Строителям  :flower:  :flower:  :flower: 
Хотела сразу же "спасибку" Марине поставить, но не нашла. Неужели теперь без спасибок будем?

----------


## zizi

Ура, заработало. Мне кажется целая вечность прошла, так привыкла каждый день заходить на форум. Спасибо за обновления!

----------


## skomorox

а как вставлять фотки в своё сообщение?
Ща, ещё со смайлами поупражняюсь, а то испугалась, что их больше нет. Без них тогда, тоже жизни на форуме нет! :Aga:  :Tu:  :Pivo: :confused::mad: :Pleasantry:  :Sarcastic Hand:  :Victory:

----------


## mariSh_a

СПАСИБО! НИЗКИЙ ПОКЛОН хозяйке ЗАМЕЧАТЕЛЬНОГО,УЮТНОГО ДОМА !!!! а также замечательным программистам СТАСУ И DANIEL!!!!  Очень рады вернуться домой.

----------


## VETER NAMERENJA

> Ну что? В ПУТЬ!!!


УРА!!! РАБОТАЕТ!!!!
Спасибо! К нововведениям привыкнем, освоим и заживём.

----------


## overload

Пытаюсь привыкнуть... необычно... :Aga: 

И всё же лучше, чем стандартный IPB. Дизайнёрам зачёт.

----------


## Mazaykina

Представляете, как классно? Мы теперь ВСЕ новички! Осваиваем новое пространство. А то уже такие знающие были, даже неинтересно. Теперь есть чем заняться.

----------


## MOPO

Ого - листочки в клеточку - как в школе когда-то ))))))))))))))))))

----------


## МУЗОК

> ПРИВЕТСТВУЕМ ВСЕХ ФОРУМЧАН В НОВОМ ДОМЕ IN-KU!
> Администрация форума благодарит от всего сердца замечательных программистов СТАСА И DANIEL


Вот теперь, уж точно, правильно попала! kuku 
МАРИНОЧКА!!! 
Ещё раз огромнейшее спасибо! 
[IMG]http://s9.******info/c0815d47ac2ff98a8b3ac05f31fcf70f.gif[/IMG]

----------


## koluchka

Очень рада возвращению форума! Спасибок бы все-таки хотелось...

----------


## Solнечная

Ура!!! Ура!!! ФОРУМ РАБОТАЕТ!!!

Марин, банально, но огромное СПАСИБО за форум!!!

----------


## Solнечная

> Ого - листочки в клеточку - как в школе когда-то ))))))))))))))))))

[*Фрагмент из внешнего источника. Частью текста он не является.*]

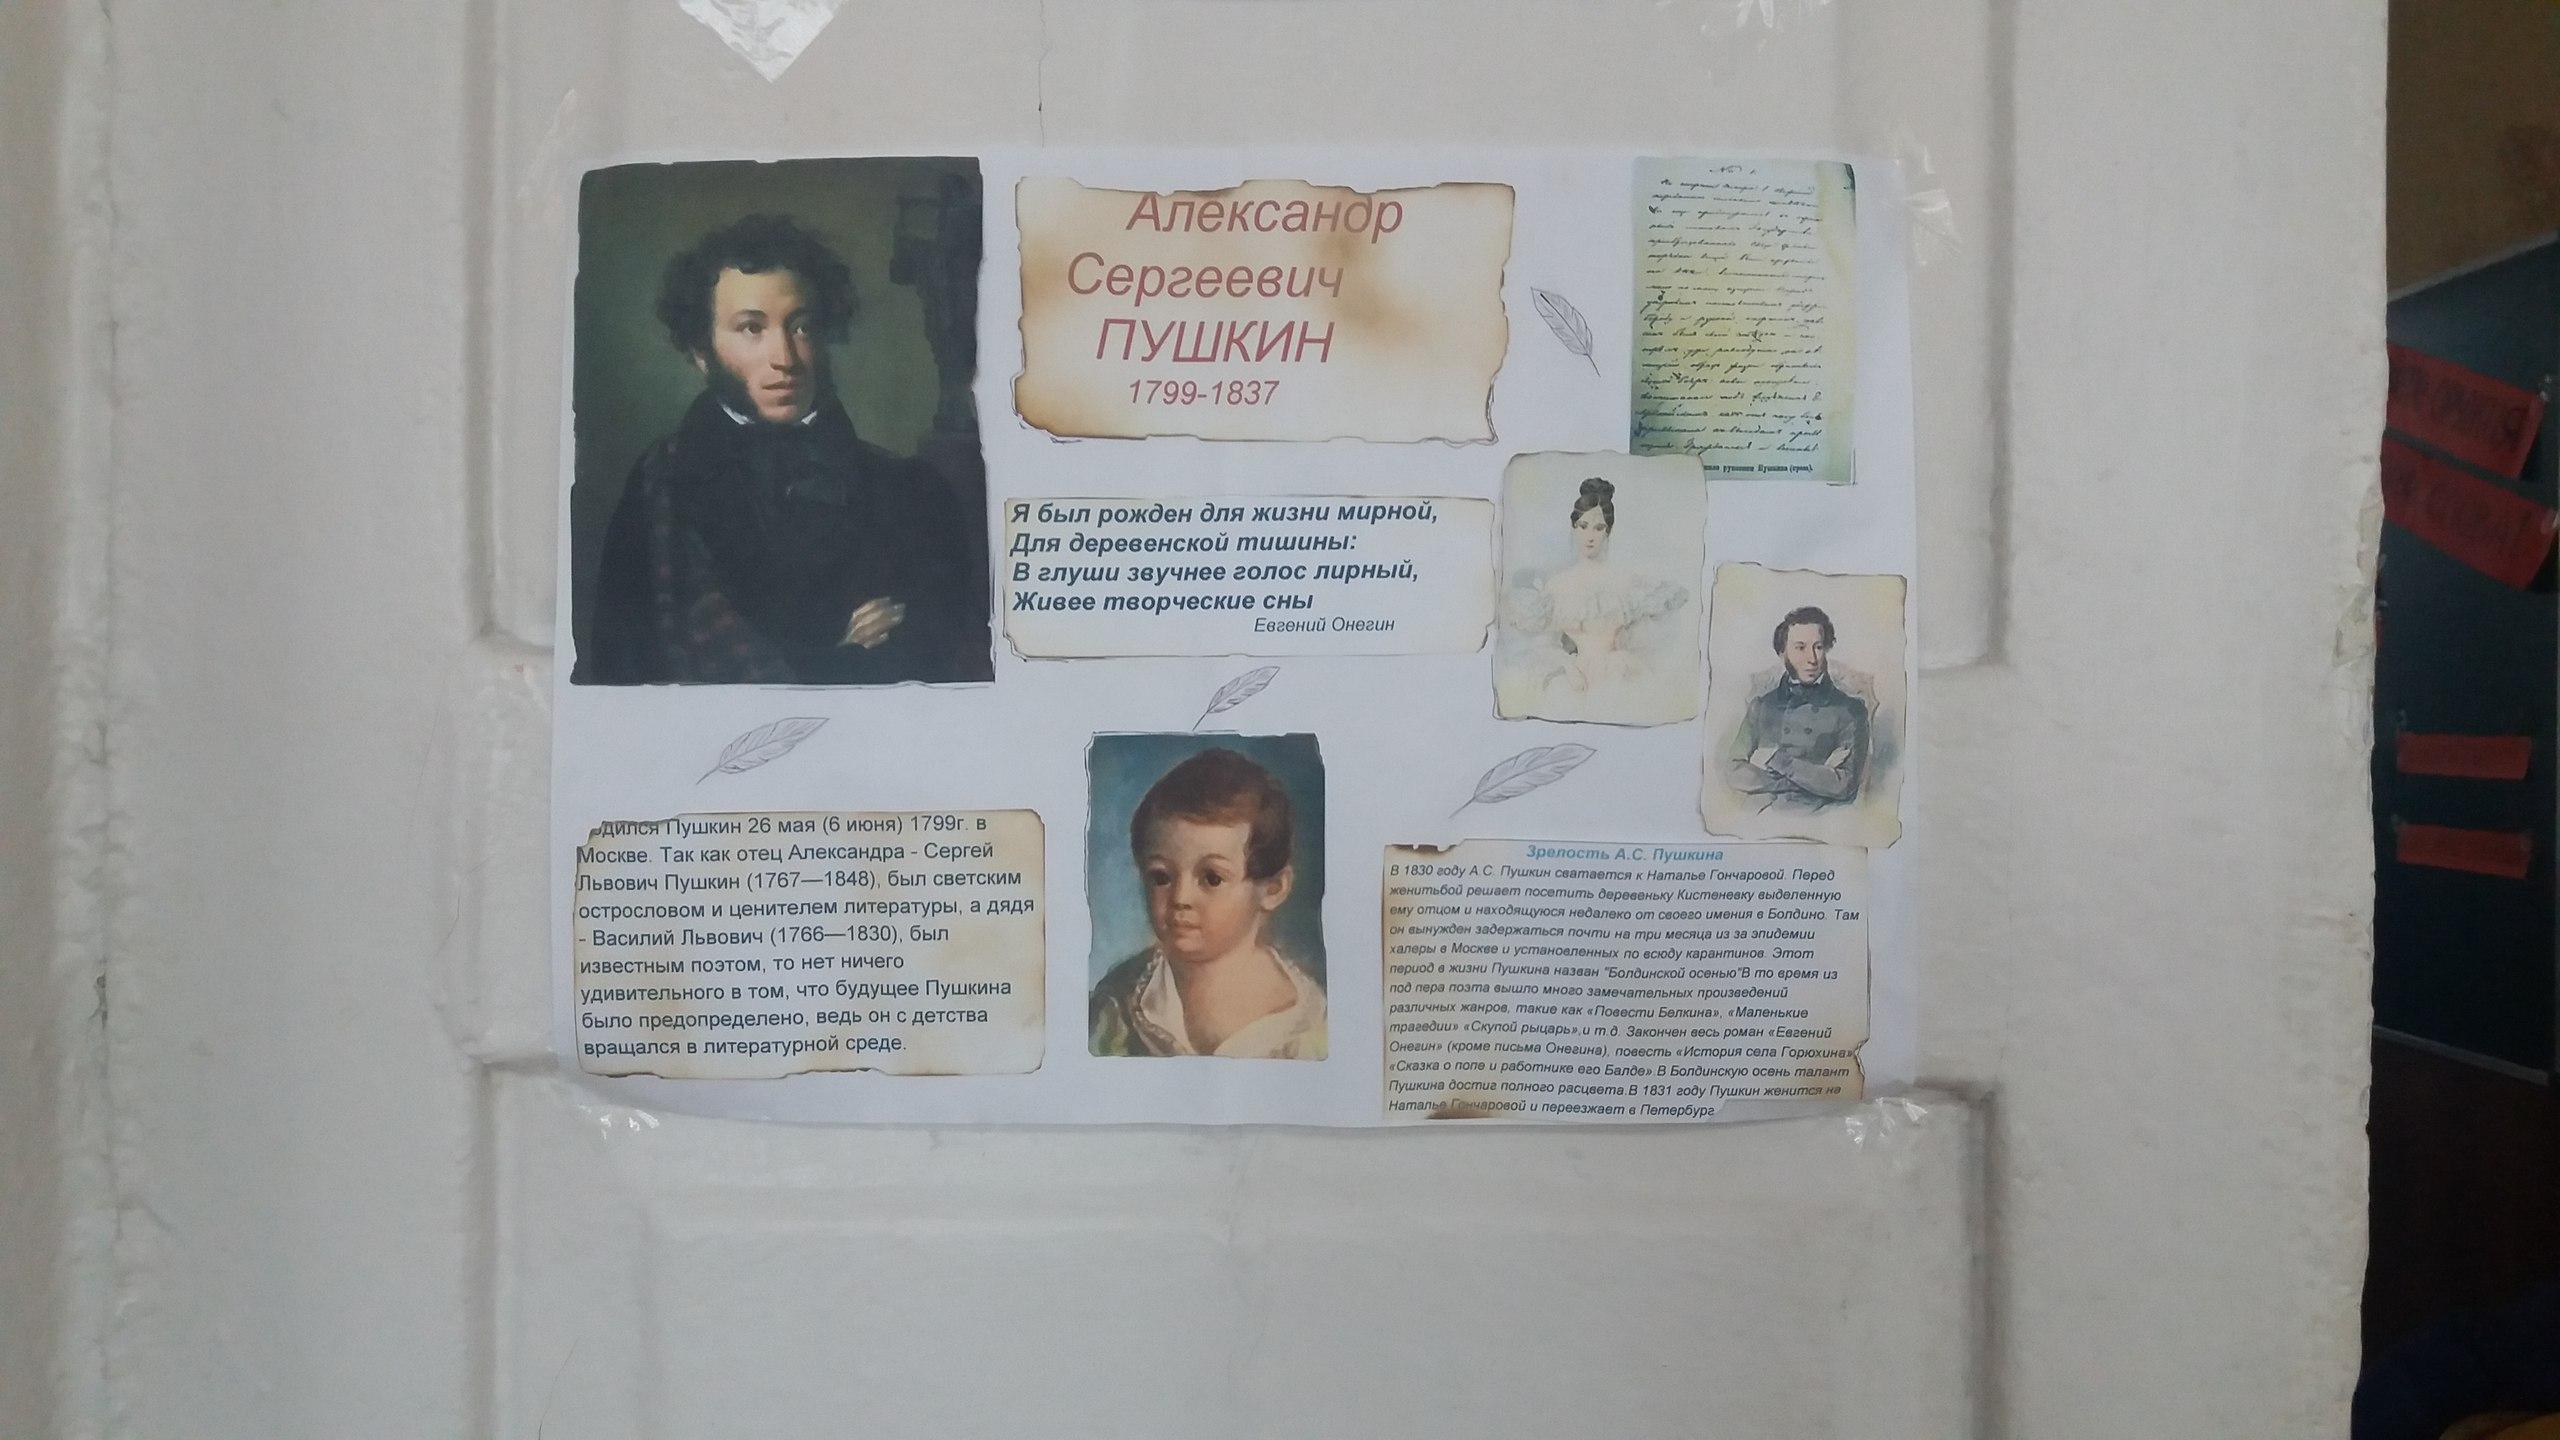 Сегодня в ГСШ № 1 с углубленным изучением иностранных языков стартовала Неделя русского языка и литературы.

Да еще и на деревянном столе )))))))

----------


## ulius

УРАА!!!  Яркий, свежий, радостный  для глаз.  Спасибо! Замечательно!  :) :):)

----------


## ПИГМАЛИОН

> Да еще и на деревянном столе )))))))


 :Vah:  ....  :Tu:  а у меня нет стола...  kuku....

----------


## nanewich

Дааа круто и необычно. Будем разбираться.
Марина с помощниками. Вы молодцы.

----------


## Mazaykina

> Спасибок бы все-таки хотелось...


Будут обязательно!!



> а у меня нет стола.


Зачит, Петь, у тебя маленький экран монитора. 
Кстати со столом еще будем думать, может уберем...

----------


## музыканша

Научите, пожалуйста, пожилого чайника как вствить фотографию. У меня не получается

----------


## Лина М.

Ребята, а согласитесь: пару дней без форума, и уже чувствуешь, что чего-то в этой жизни не хватает. Для меня главное, чтобы форум БЫЛ, чтобы на нем были все, с кем так привык общаться-встречаться. КАК он будет выглядеть - это уже второй вопрос.
МАРИНА, тебе за неустанную заботу, за такое хлопотное дело спасибо огромное еще и еще раз. :flower:  :flower:  :flower:

----------


## Рамоновна

> Кстати со столом еще будем думать, может уберем...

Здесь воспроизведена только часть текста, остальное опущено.